= Work order =
The output should be every line below, retyped exactly, with no images.

---- Information shown

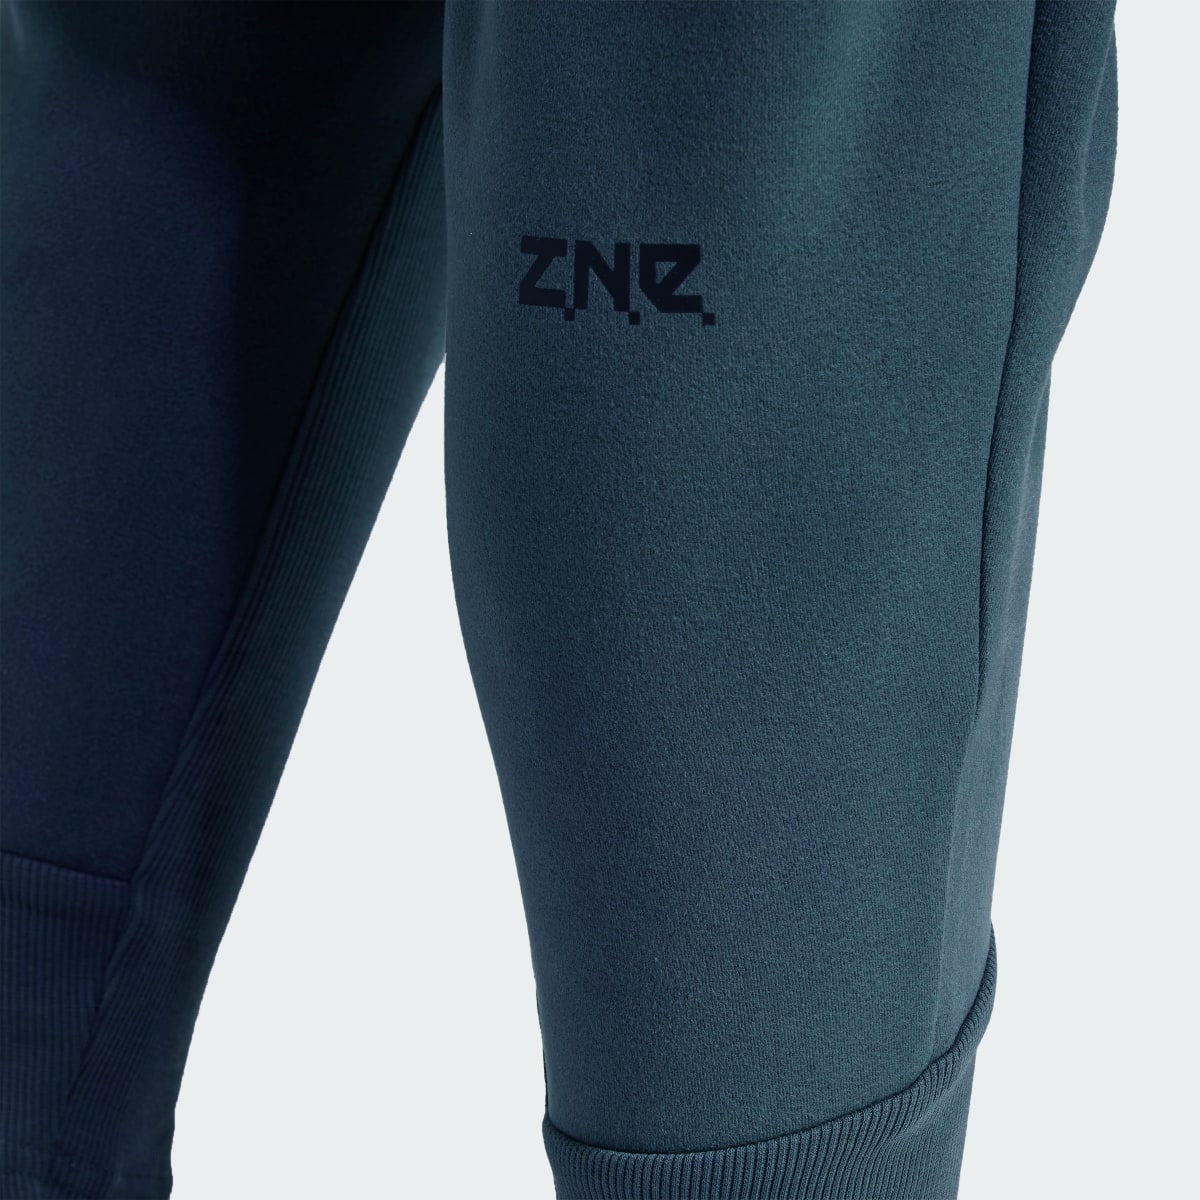 Adidas Z.N.E. Winterized Hose. 5
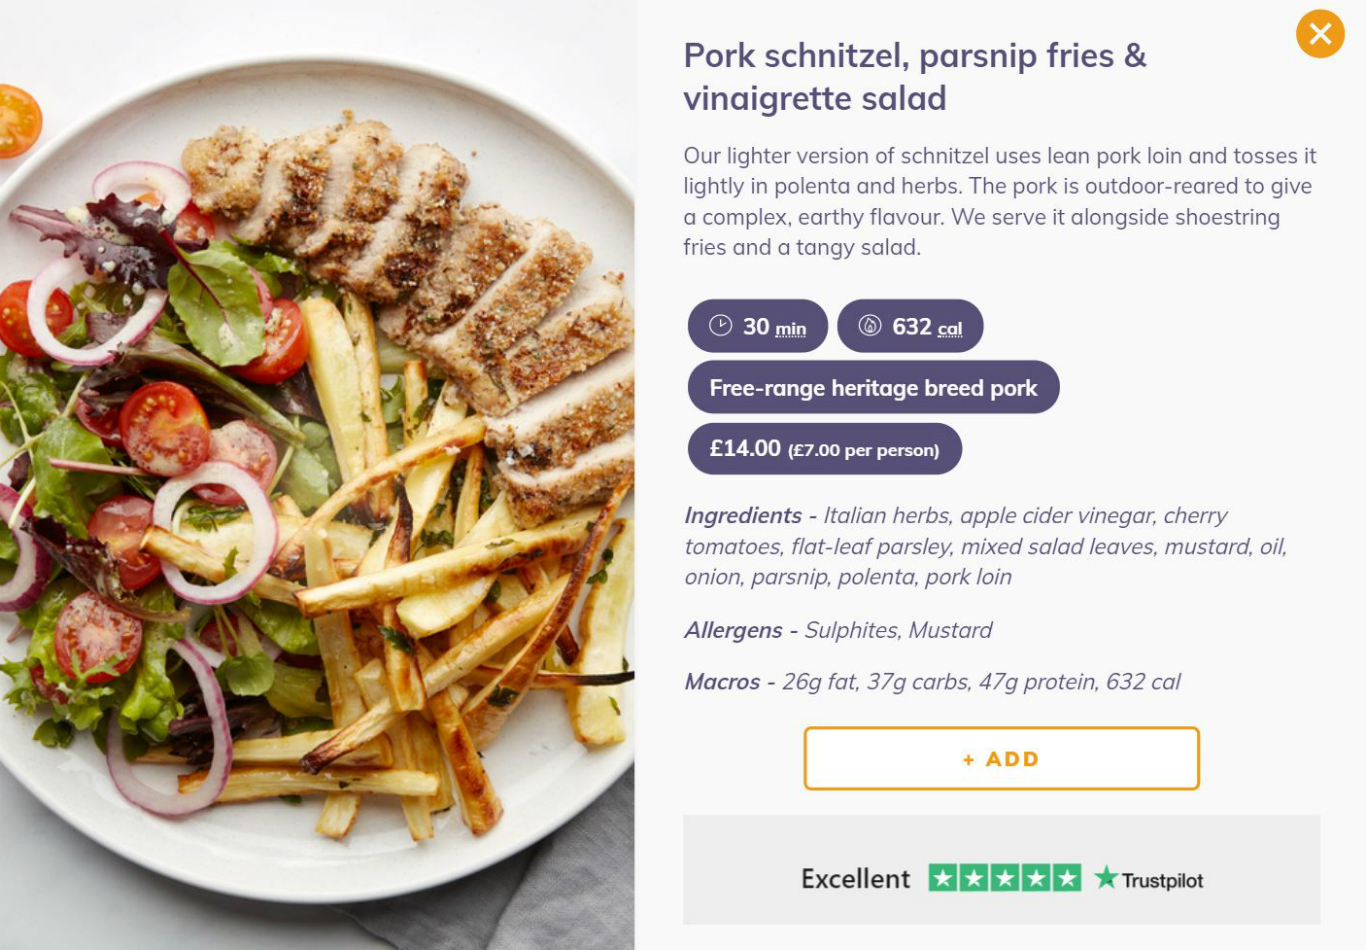 Pork schnitzel (Image: Mindful Chef)
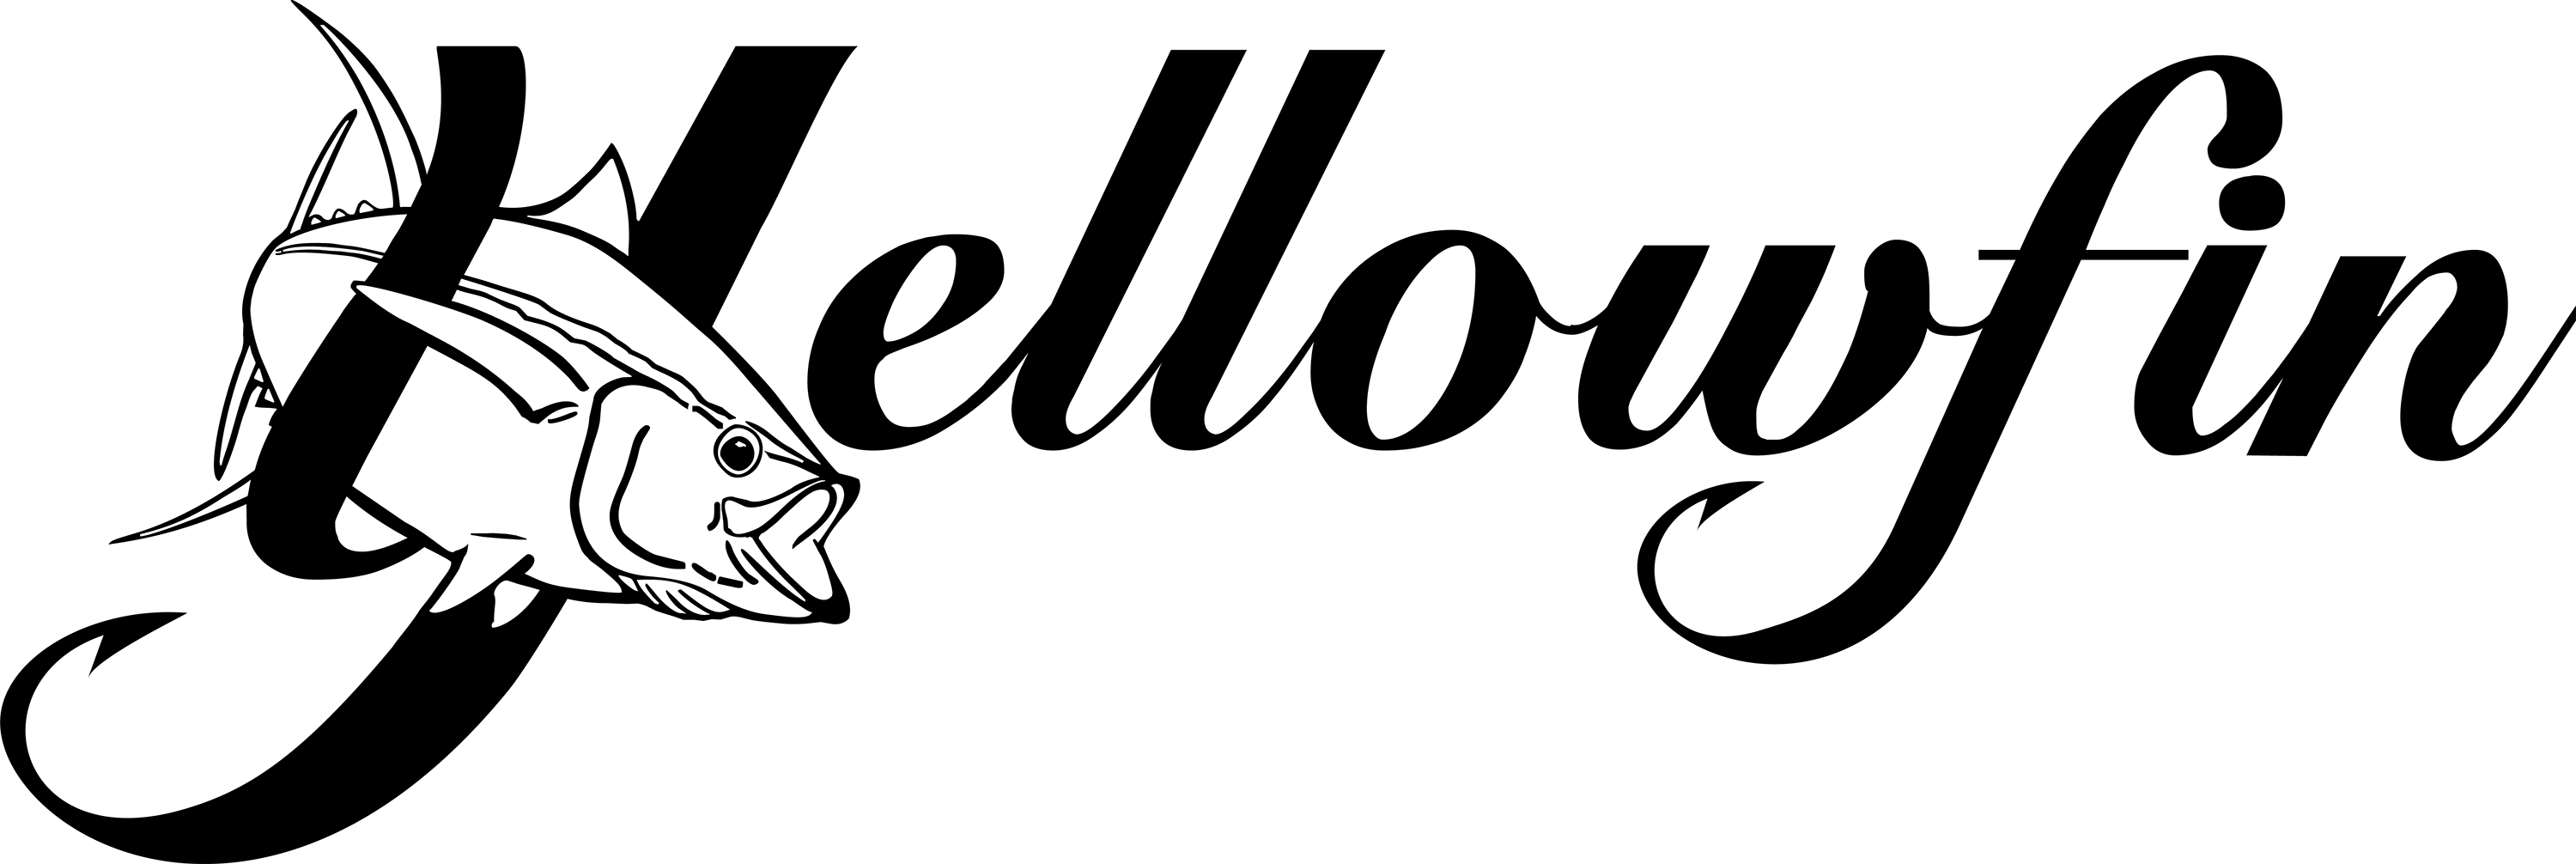 Yellowfin brand logo
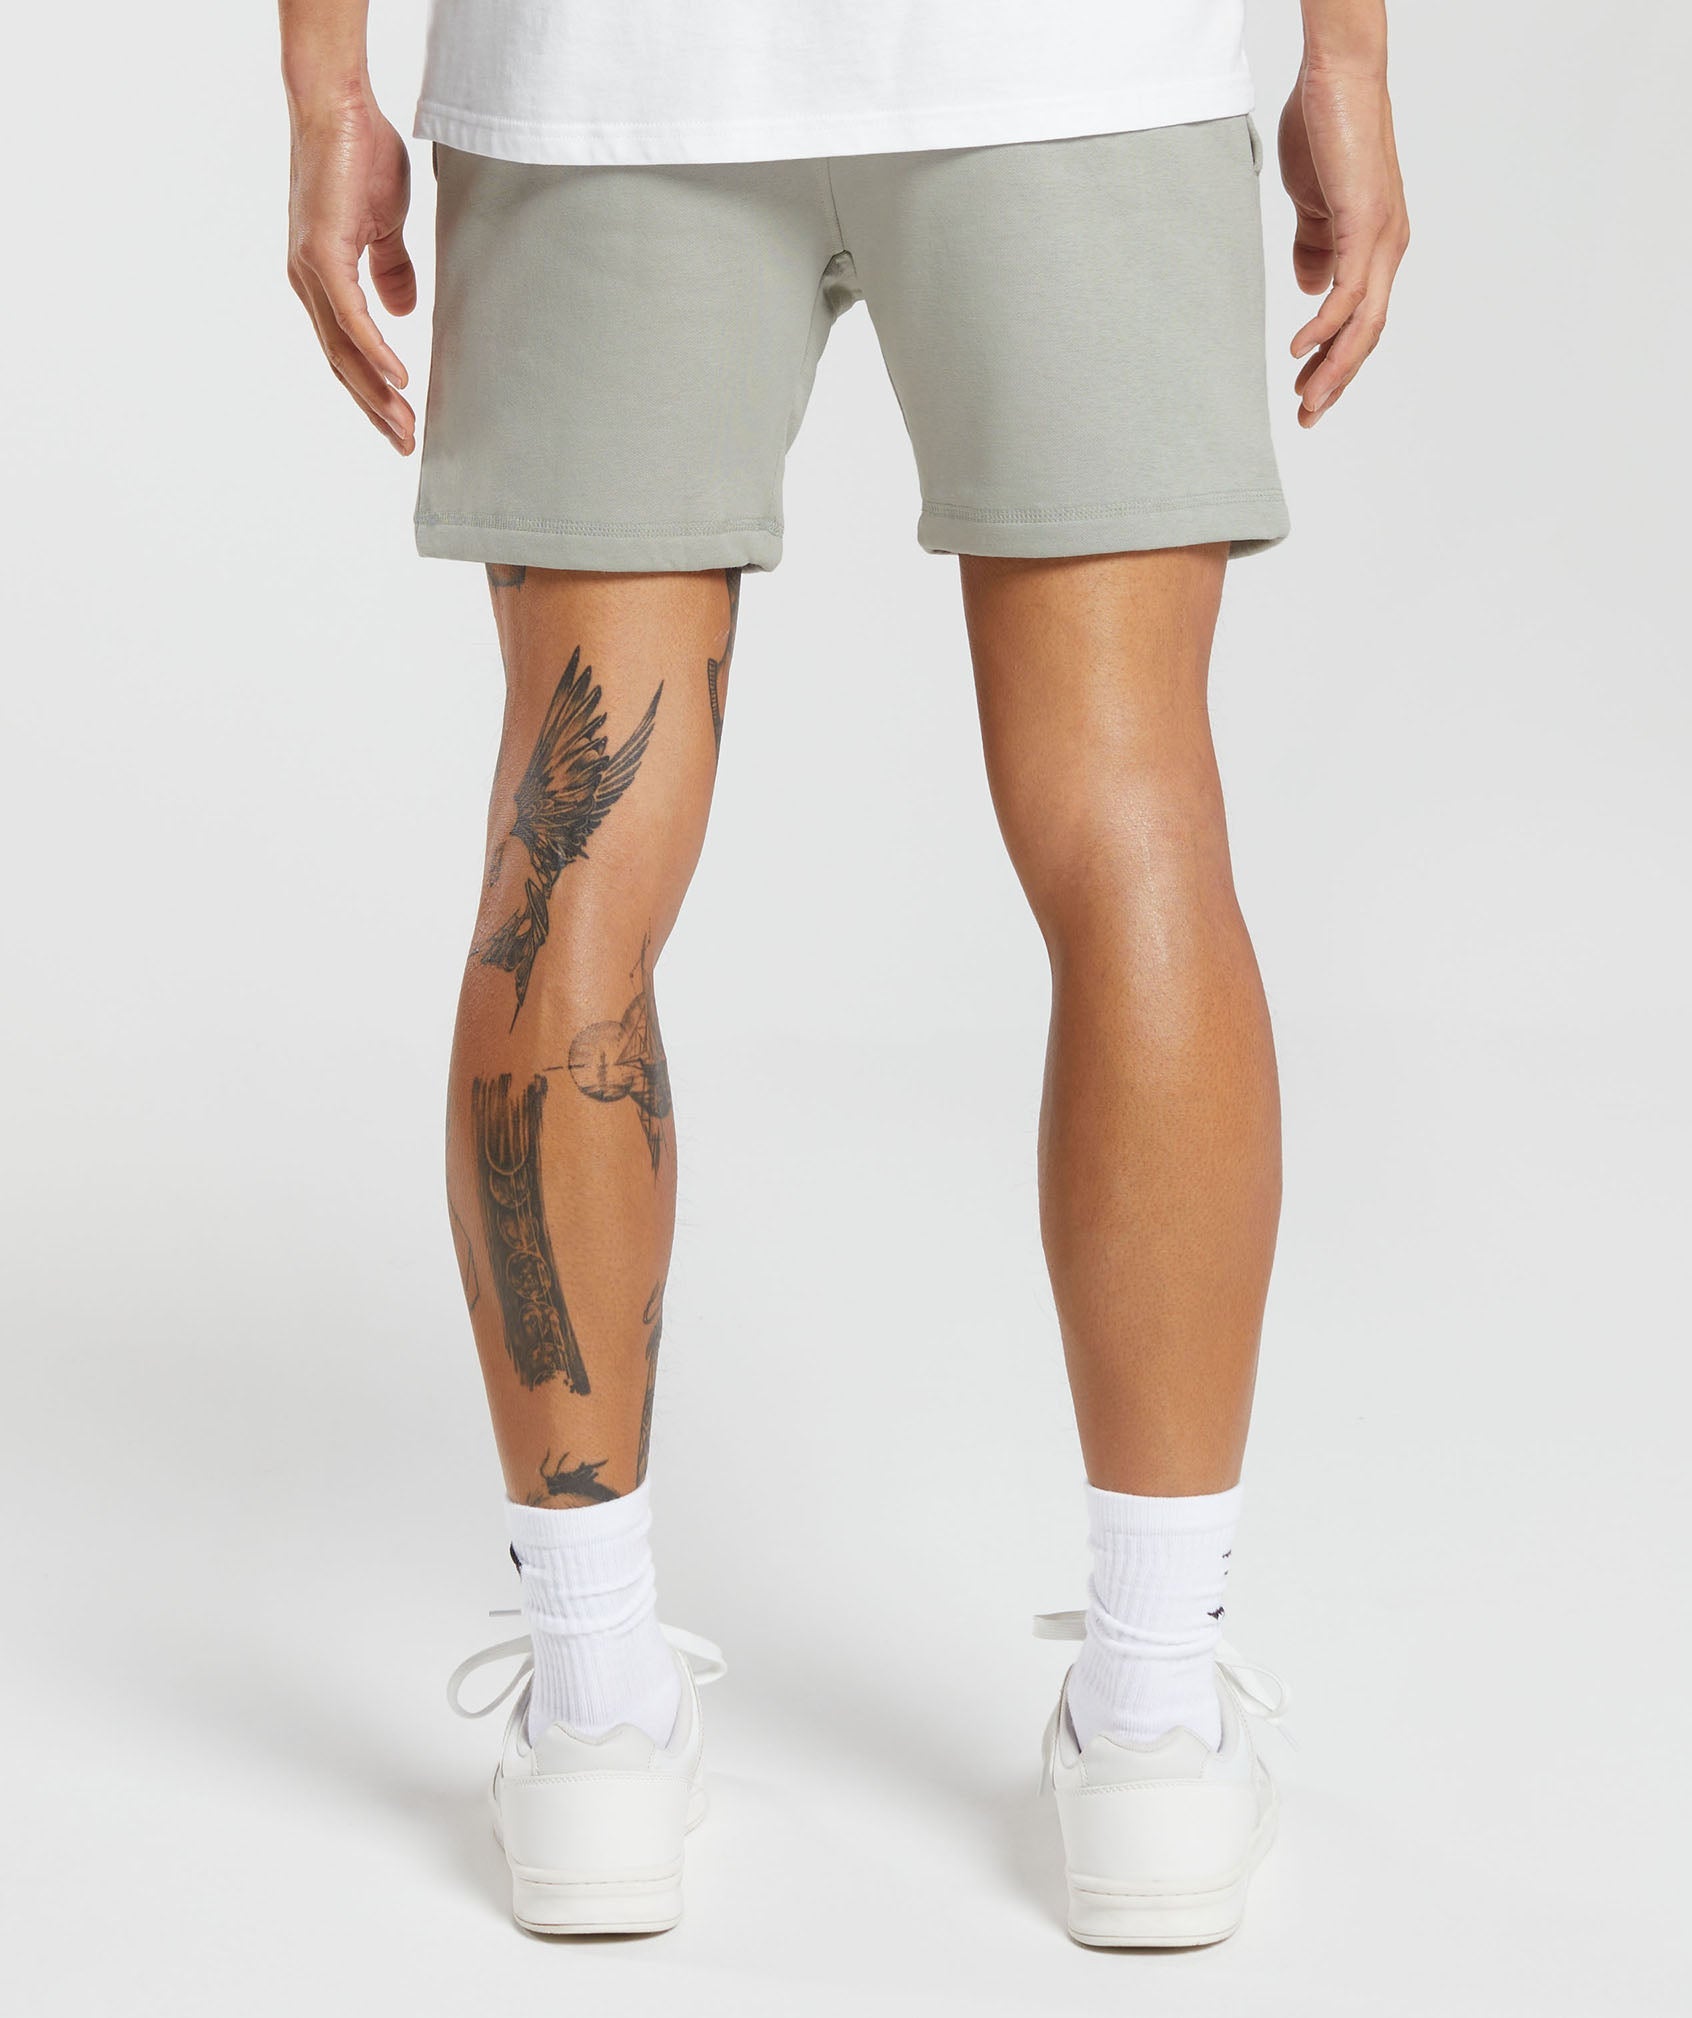 Gymshark Crest 7 Shorts - Stone Grey

--------

= Answer below =
 Adidas Z.N.E. Winterized Hose. 5
 Pork schnitzel (Image: Mindful Chef)
 Yellowfin brand logo
 Gymshark Crest 7 Shorts - Stone Grey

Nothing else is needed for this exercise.